Introduction: Dermoscopy has become widespread in the diagnosis of inflammatory skin diseases. Cutaneous vasculitis (CV) is characterized by inflammation of vessels, and a rapid and reliable technique is required for the diagnosis.
Objectives: We aimed to define CV dermoscopic features and increase the diagnostic accuracy of dermoscopy with machine learning (ML) methods.
Methods: Eighty-nine patients with clinically suspected CV were included in the study. Dermoscopic images were obtained before biopsy using a polarized dermoscopy. Dermoscopic images were independently evaluated, and interobserver variability was calculated. Decision Tree, Random Forest, and K-Nearest Neighbors were used as ML classification models.
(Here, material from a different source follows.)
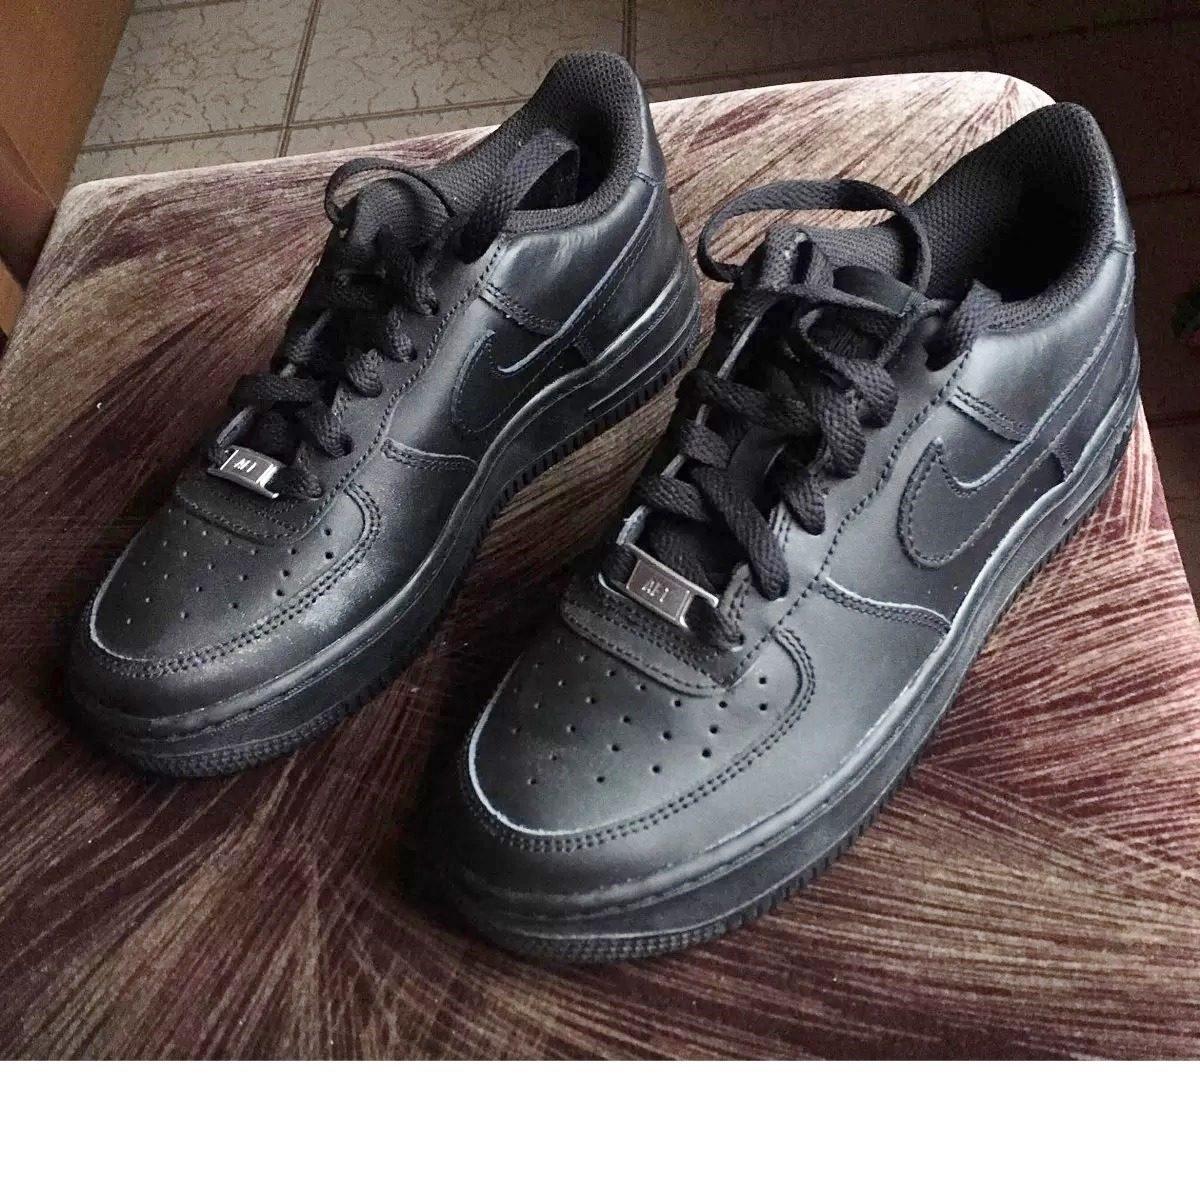 official photos 3fd14 ca293 Zapatillas Nike Air Force Low 1 - Niños - Negras - 23,5cm -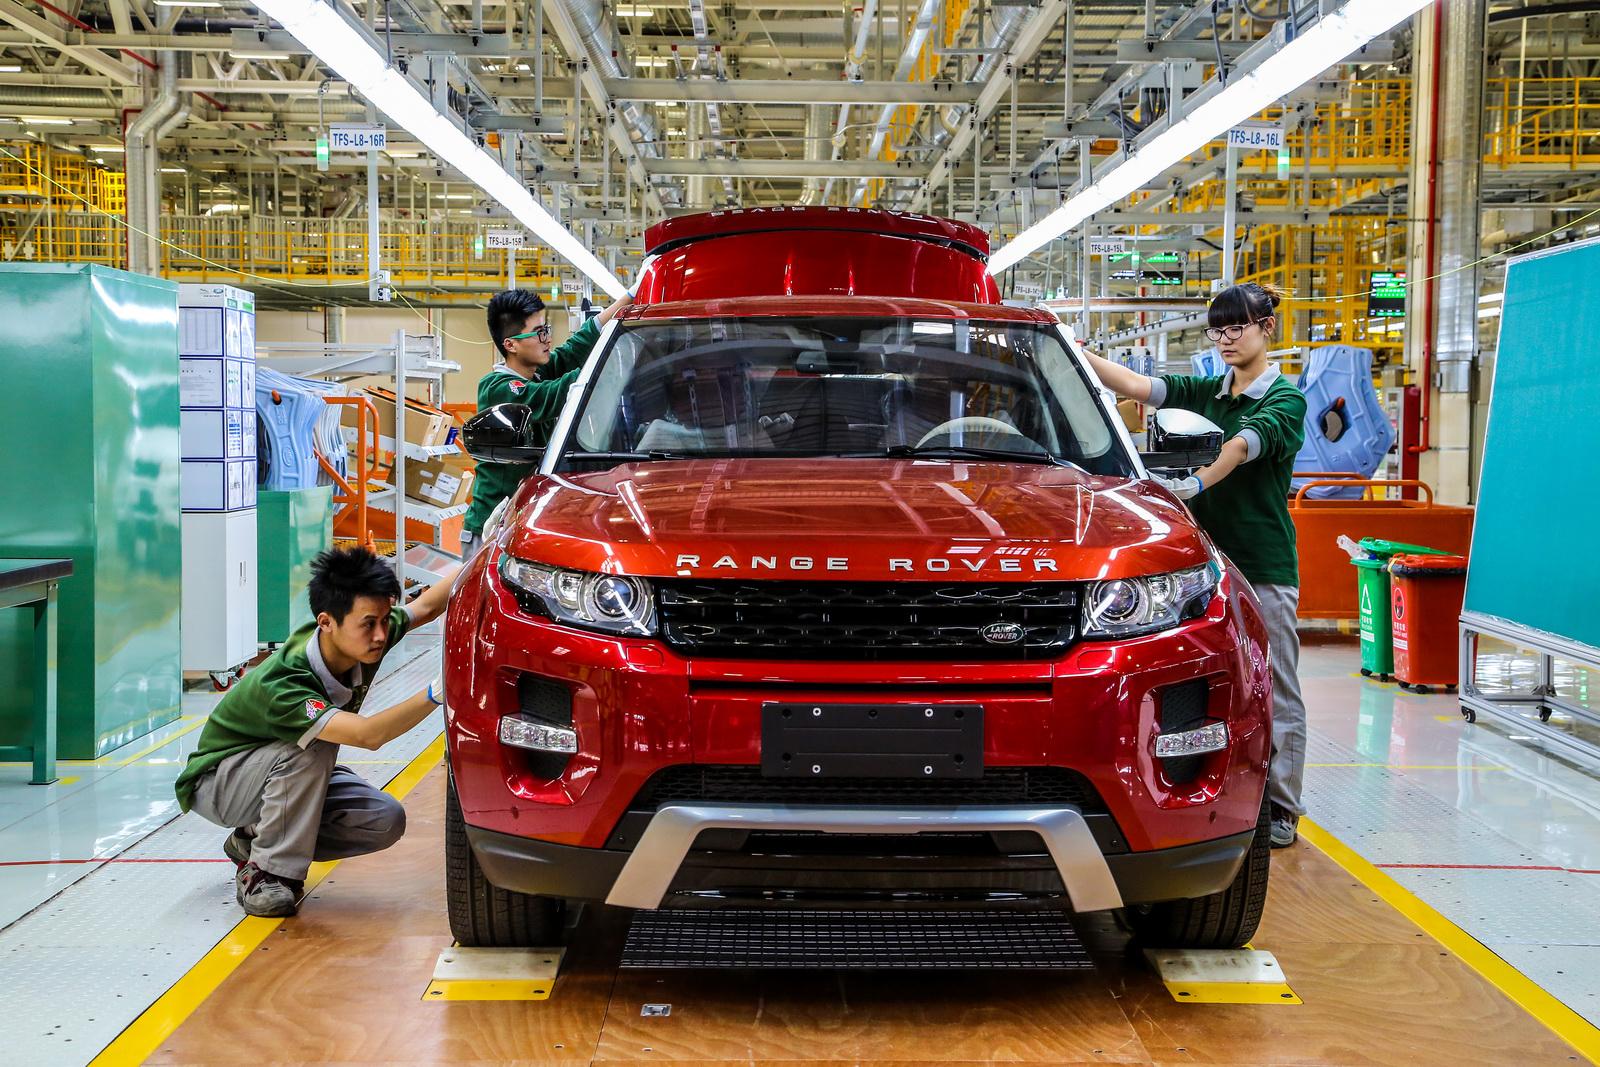 Jaguar Land Rover Chinese Factory Kicks Off Production - GTspirit

Results: The histopathological diagnosis of 58 patients was CV. Three patterns were observed: homogeneous pattern, mottled pattern, and meshy pattern. There was a significant difference in background color between the CV and non-CV groups (P = 0.001). The milky red and livedoid background color were specific markers in the differential diagnosis of CV (sensitivity 56.7%, specificity 96.3%, sensitivity 29.4%, specificity 99.2%, respectively). Red blotches were significantly more common in CV lesions (P = 0.038). Red dots, comma vessels, and scales were more common in the non-CV group (P = 0.002, P = 0.002, P = 0.003, respectively). Interobserver agreement was very good for both pattern (???? = 0.869) and background color analysis (???? = 0.846) (P < 0.001). According to ML classifiers, the background color and lack of scales were the most significant dermoscopic aspects of CV.
Conclusions: Dermoscopy may guide as a rapid and reliable technique in CV diagnosis. High accuracy rates obtained with ML methods may increase the success of dermoscopy.